Once a user enables Access Analyzer, we use stratified predicate abstraction to analyze the policies and generate findings showing which users outside the zone of trust have access to resources. We had to shift from a mode where Zelkova can answer “any access query” to Zelkova can enumerate “who has access to what”. This brings to attention the permissions that could lead to unintended access of data. While this idea seems simple in hindsight, it took us a couple of years to figure out the right abstraction for the domain. It can be used by all AWS users. They did not need to be experts in the area of formal methods or even have deep understanding of how access control in the cloud worked.

Fig. 4.
figure 4

Interface that presents Access Analyzer findings to users.

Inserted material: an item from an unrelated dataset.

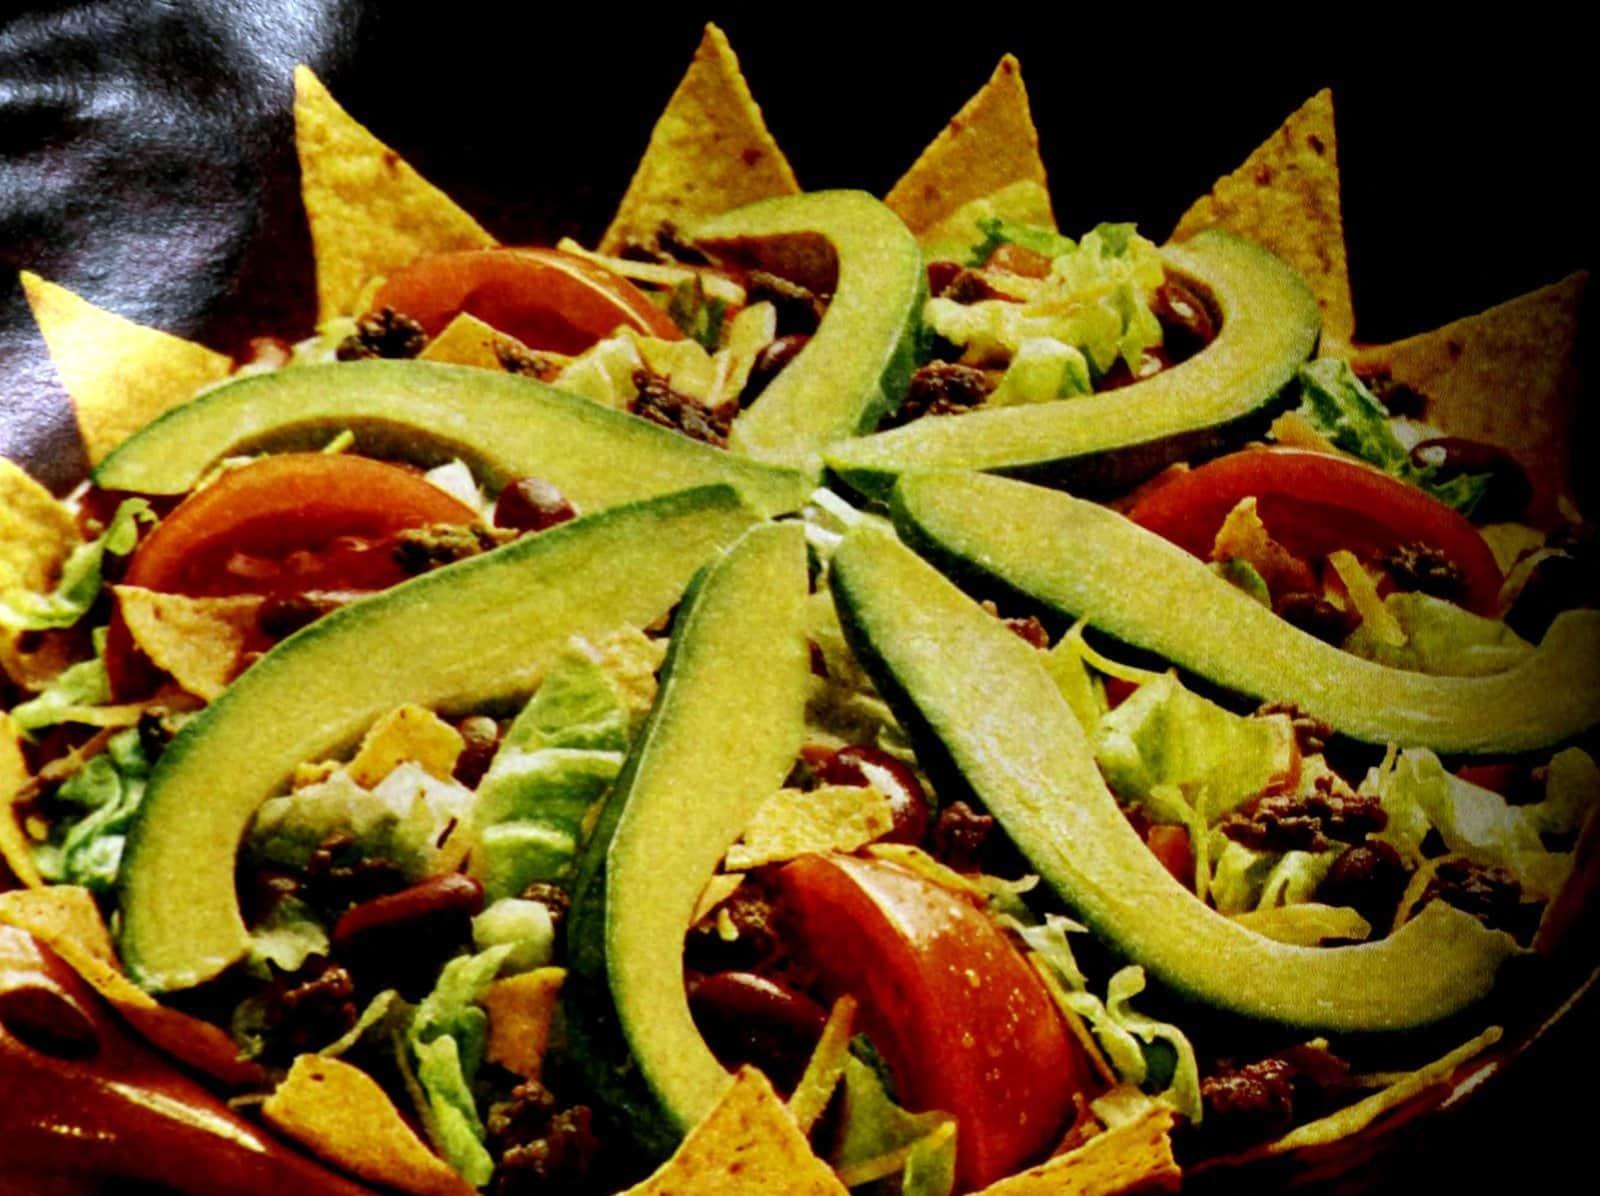 Mexican Chef's salad recipe 1969

Each finding includes details about the resource, the external entity with access to it, and the permissions granted so that the user can take appropriate action. We present example findings in Fig. 4. Note these findings are not presented as SMT-lib formulas but rather in the domain that the user expects—AWS access control constructs. These map to the findings presented in the previous section for Fig. 1. Users can view the details included in the finding to determine whether the access is intentional or a potential risk that the user should resolve.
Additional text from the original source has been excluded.